Rich Products Malaysia Sdn Bhd and their affiliates and subsidiaries (hereinafter collectively referred to as “Rich’s”, “us”, “we”, “our”, or “Company”) have created this Privacy Policy to apply to all users of this website, www.richs.com.myand all digital assets contained or offered therein (collectively, our “Services”). This Privacy Policy describes, among other things, the types of Data we collect from users when you use our Services, how we use it, and your rights with respect to your Data.

This Privacy Policy is integrated into our Terms & Conditions of Use (“Terms & Conditions”). By accepting this Privacy Policy and providing us with Personal Data (defined below), you agree and consent to the practices described in this Privacy Policy.

If you have any privacy or data use concerns, please contact us as set out below under the headingHow to Contact Us.” To make sure you stay informed of all changes, you should check these policies periodically.
Updates will be referenced by the “Last Updated” date shown below.

DATA CONTROLLER

For purposes of this Privacy Policy, Rich’s is the data controller, with an address at Unit 6-1 & 6-2, Level 6, Menara Mudajaya, No. 12A, Jalan PJU 7/3, Mutiara Damansara 47810, Petaling Jaya, Selangor D.E., Malaysia.

II. CATEGORIES OF DATA WE COLLECT ABOUT YOU

We may collect the following categories of personal data about you which are described in more detail below: (A) Data you provide to us, (B) Data we may automatically collect, (C) Cookies & Technologies Used to Collect Personal Data About You, and (D) Data we may receive from third parties. The Data listed in (A), (B), (C) and (D) above, are detailed below, and hereinafter referred to as “Personal Data”.
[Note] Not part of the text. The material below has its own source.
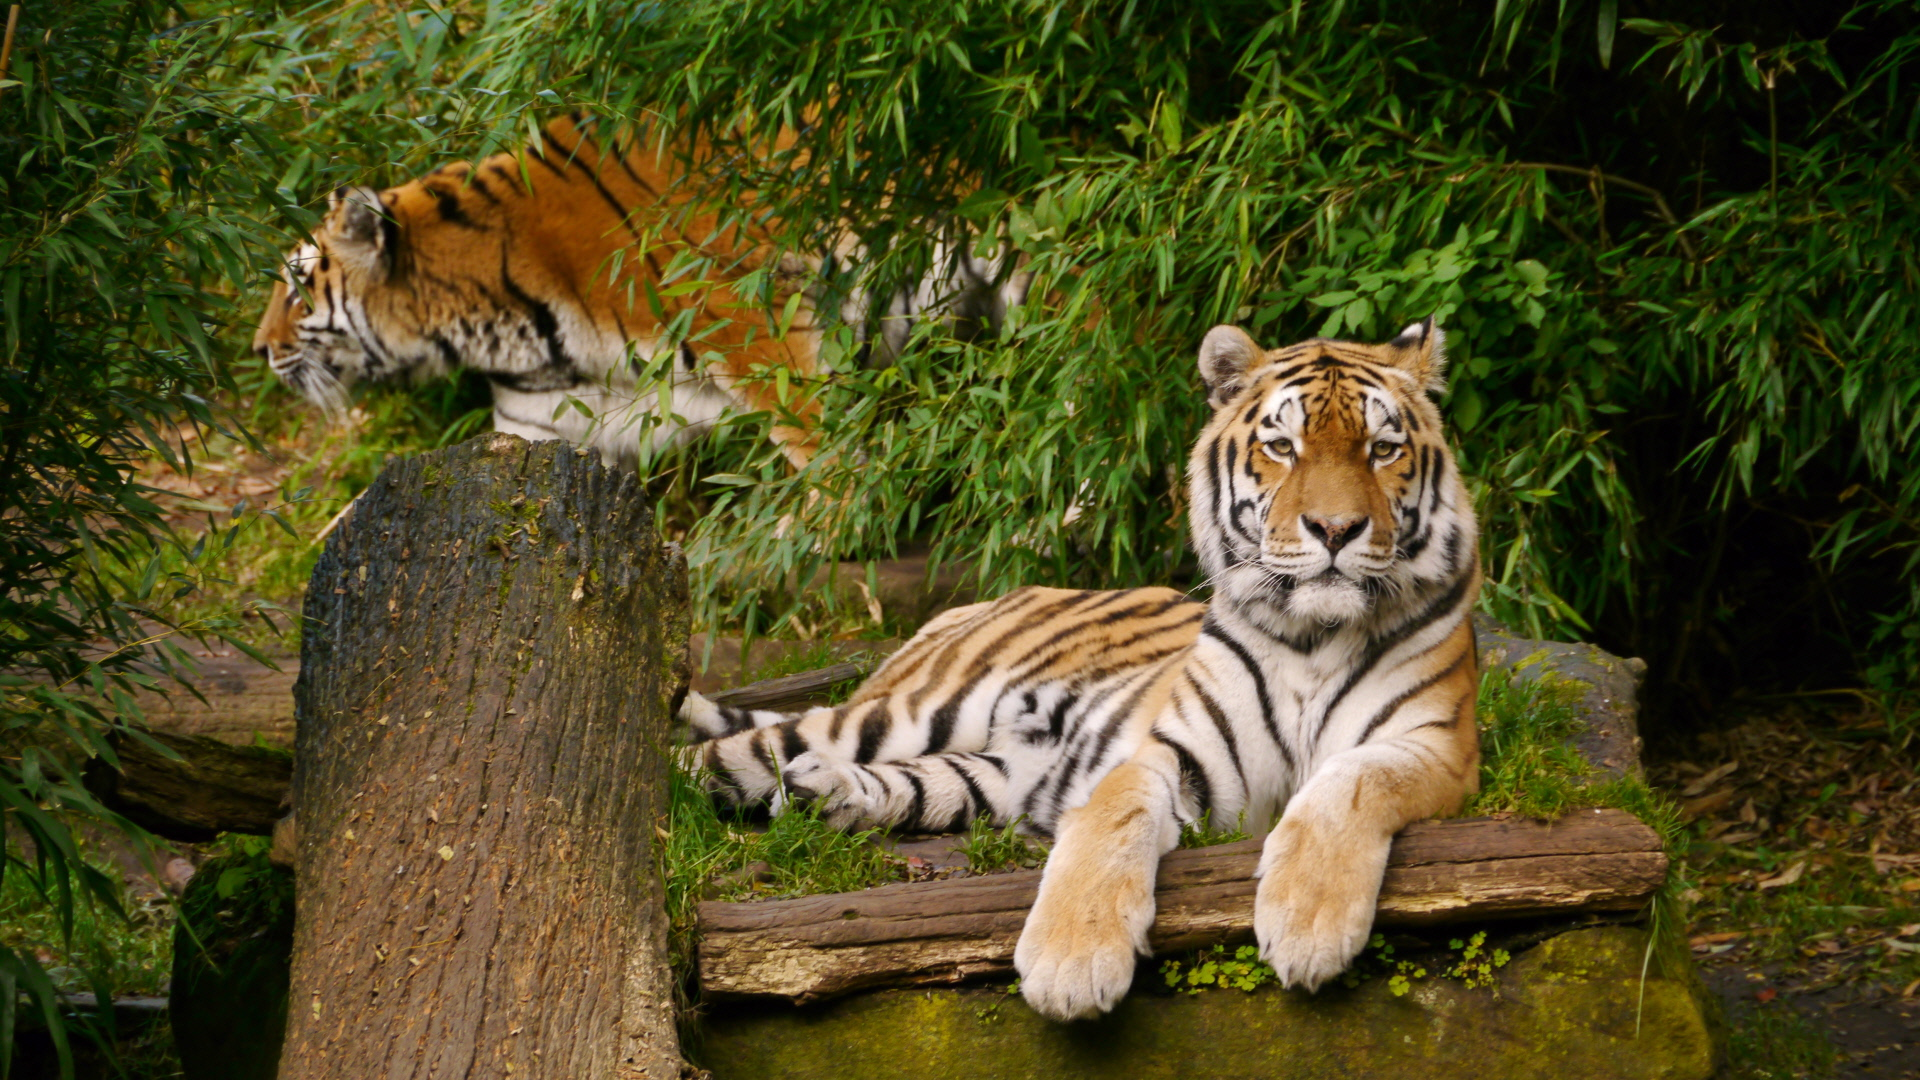 animals_20151113_1427054462

A. Personal Data You Provide to Us

In using our Services, you may provide us with Personal Data, including, without limitation:

• Individual identifier such as name, username, birth date, and contact Personal Data including email address, mailing address, and telephone number(s);
• Communications with us, preferences, and other Personal Data you provide to us such as any messages (including via online chat feature), opinions and feedback that you provide to us, your user preferences (such as in receiving updates or marketing data), and other Personal Data that you share with us when you contact us directly (such as for customer support services); and
• Additional Personal Data as otherwise described to you at the point of collection or pursuant to your consent.
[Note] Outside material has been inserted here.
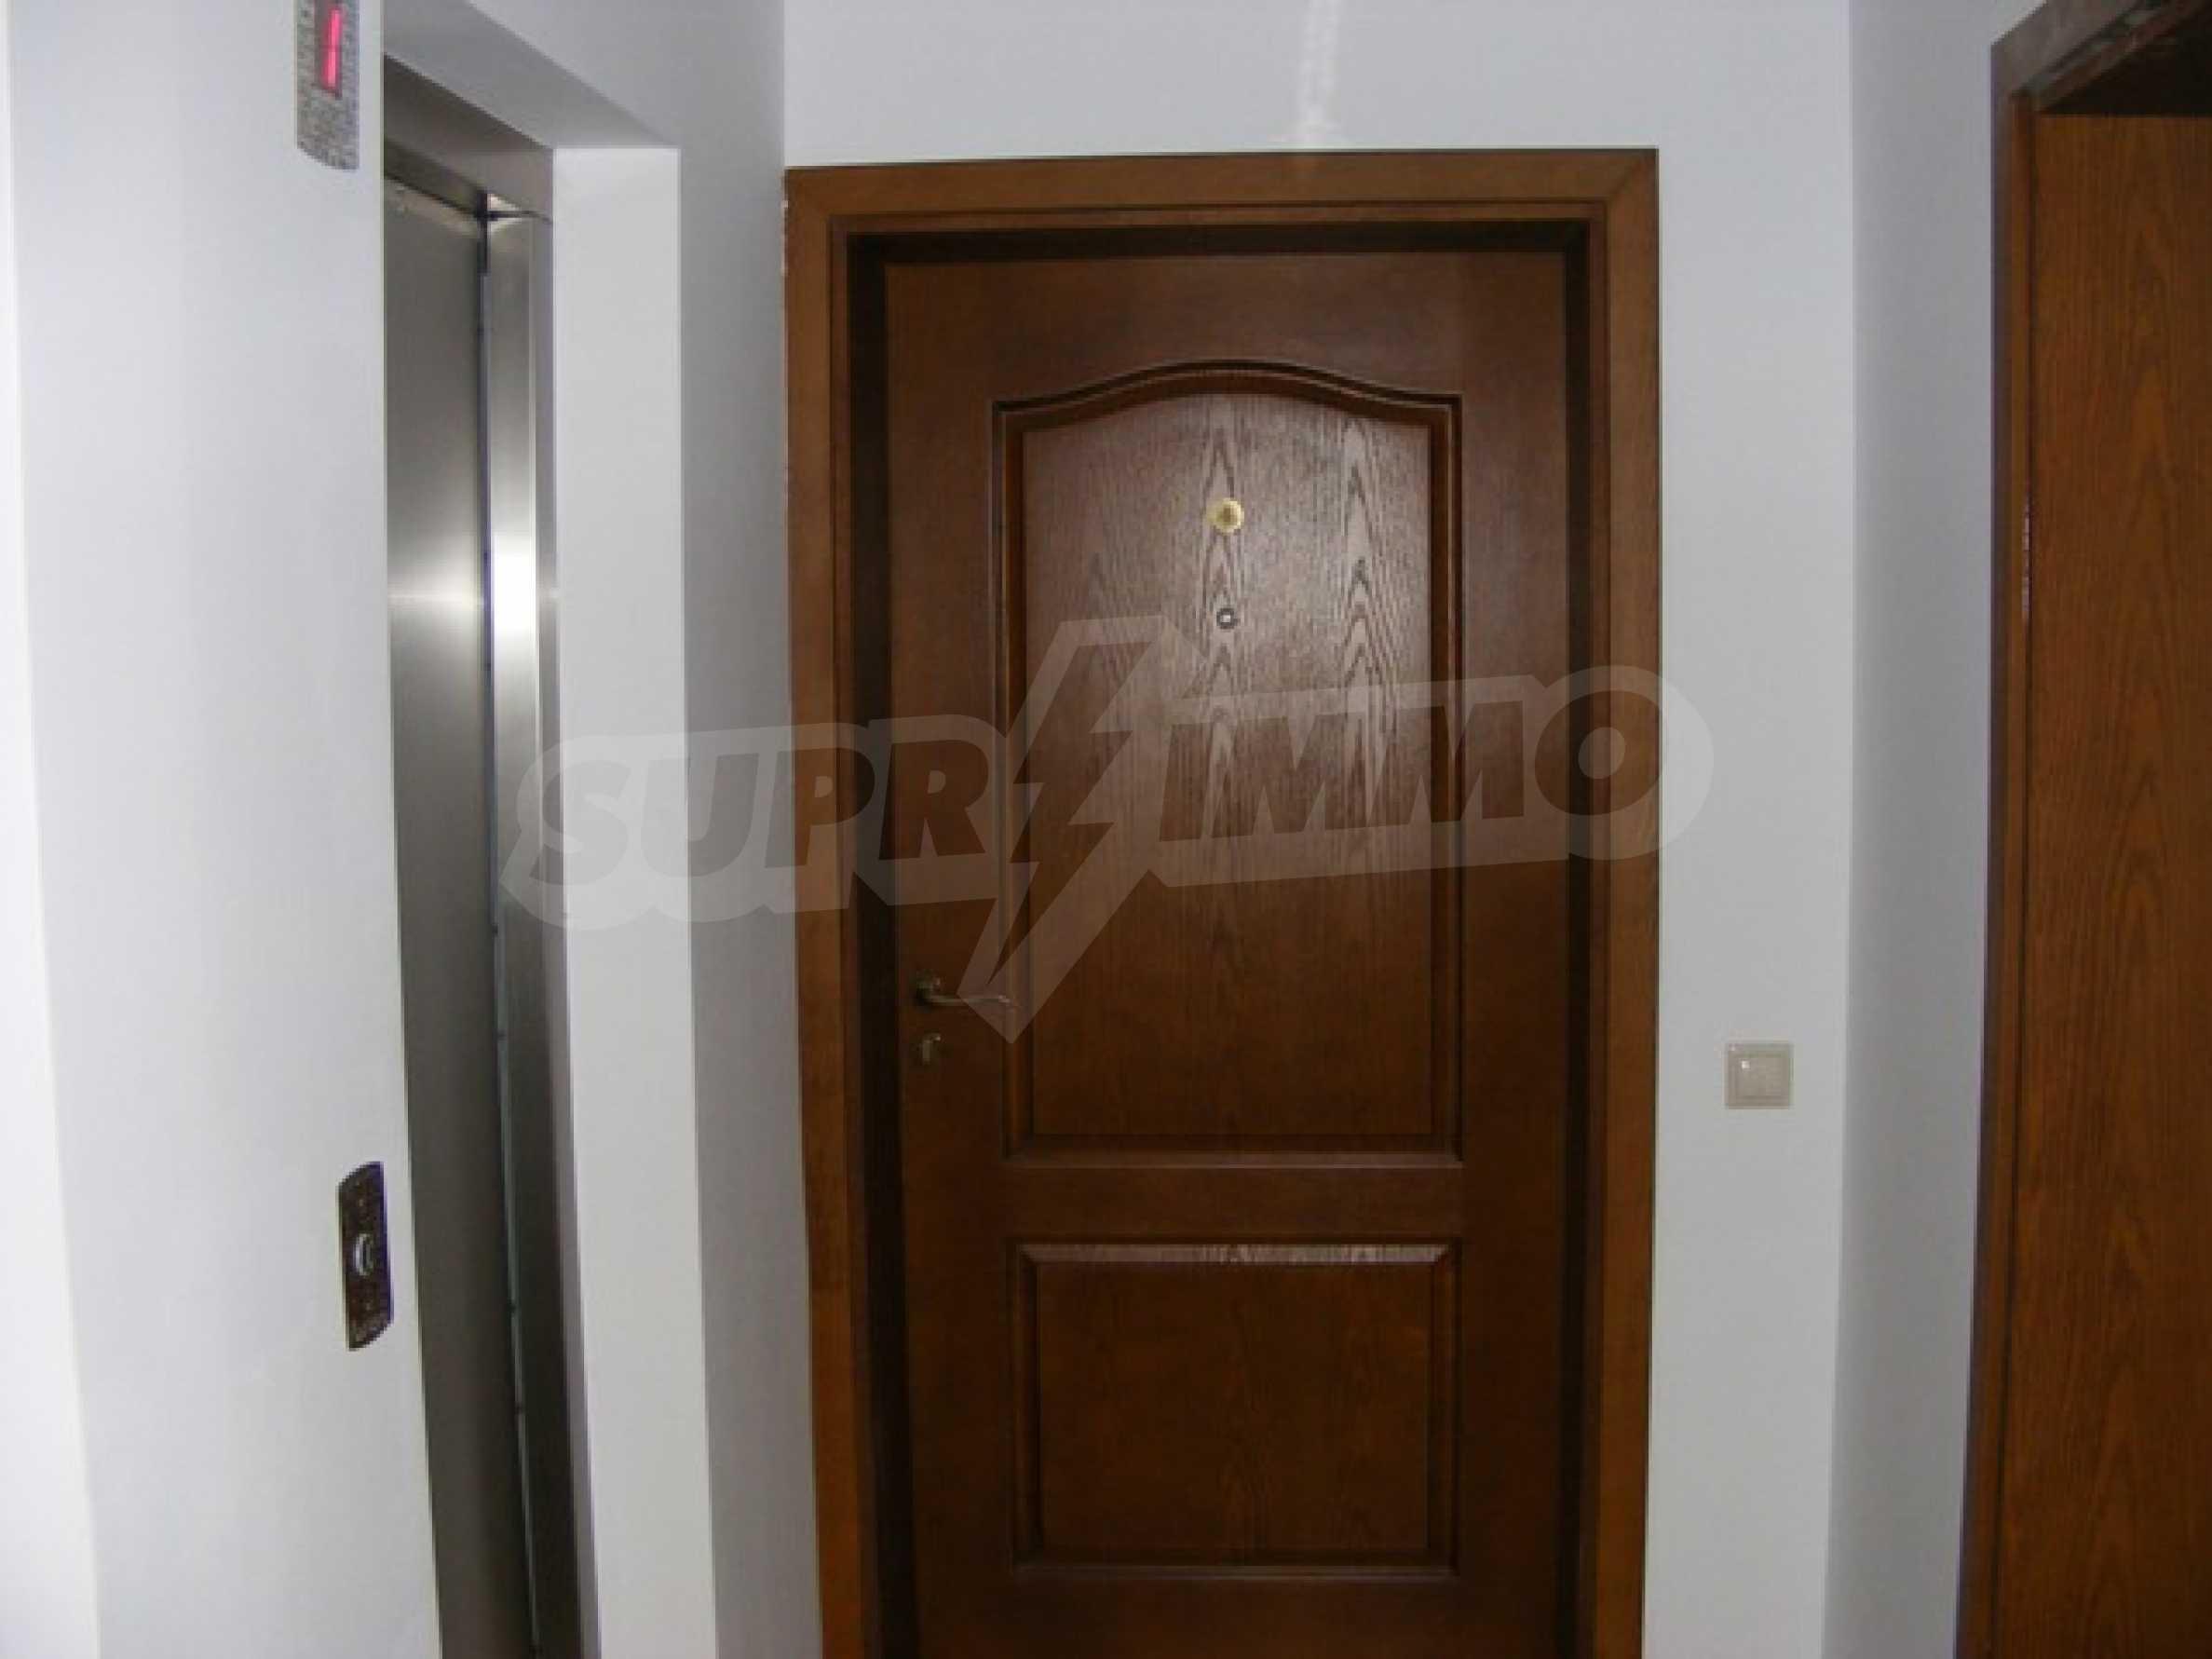 Апартамент Заменхоф 8

You may also provide us with sensitive personal data. We will not process any sensitive personal data about you except with your explicit prior consent (or as otherwise permitted by law).

B. Personal Data We May Automatically Collect About You

Our Services may automatically collect the following categories of usage and technical Personal Data about you. This Personal Data is used by Rich’s for the operation of the Services, to maintain quality of the Services, and to provide general statistics regarding use of the Services. This Personal Data may include:

• IP address, which is the number associated with the service through which you access the Internet, like your ISP (Internet service provider);
• Date and time of your visit or use of our Services;
• Domain server from which you are using our Services;
• Type of computer, web browsers, search engine used, operating system, or platform you use;
• Data identifying the web pages you visited prior to and after visiting our website or use of our Services;
• Your movement and activity within the website, which is aggregated with other data;
• Geographic data such as country or region;
• Mobile device data, including the type of device you use, operating system version, and the device identifier (or “UDID”); and
• Mobile application identification and behavior, use, and aggregated usage, performance data, and where the application was downloaded from.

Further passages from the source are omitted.